What lines below include the word "Skirt"? Copy each one.
##### Given data
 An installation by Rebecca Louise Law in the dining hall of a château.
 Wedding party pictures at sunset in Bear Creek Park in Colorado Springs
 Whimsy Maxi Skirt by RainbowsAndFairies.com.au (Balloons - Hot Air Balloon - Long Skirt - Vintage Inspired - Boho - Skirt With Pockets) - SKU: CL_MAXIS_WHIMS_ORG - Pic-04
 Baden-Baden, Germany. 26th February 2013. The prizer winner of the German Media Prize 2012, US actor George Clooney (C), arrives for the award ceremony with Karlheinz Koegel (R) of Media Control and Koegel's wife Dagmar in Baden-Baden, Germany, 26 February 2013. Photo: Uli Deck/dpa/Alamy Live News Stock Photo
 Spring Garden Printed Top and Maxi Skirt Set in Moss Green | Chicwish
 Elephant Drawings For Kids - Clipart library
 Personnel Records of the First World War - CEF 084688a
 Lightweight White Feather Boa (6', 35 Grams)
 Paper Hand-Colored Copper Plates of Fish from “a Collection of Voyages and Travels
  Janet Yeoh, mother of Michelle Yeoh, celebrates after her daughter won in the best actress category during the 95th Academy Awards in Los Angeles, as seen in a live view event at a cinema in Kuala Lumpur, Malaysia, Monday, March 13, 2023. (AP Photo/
##########
• Finished exercise
 Whimsy Maxi Skirt by RainbowsAndFairies.com.au (Balloons - Hot Air Balloon - Long Skirt - Vintage Inspired - Boho - Skirt With Pockets) - SKU: CL_MAXIS_WHIMS_ORG - Pic-04
 Spring Garden Printed Top and Maxi Skirt Set in Moss Green | Chicwish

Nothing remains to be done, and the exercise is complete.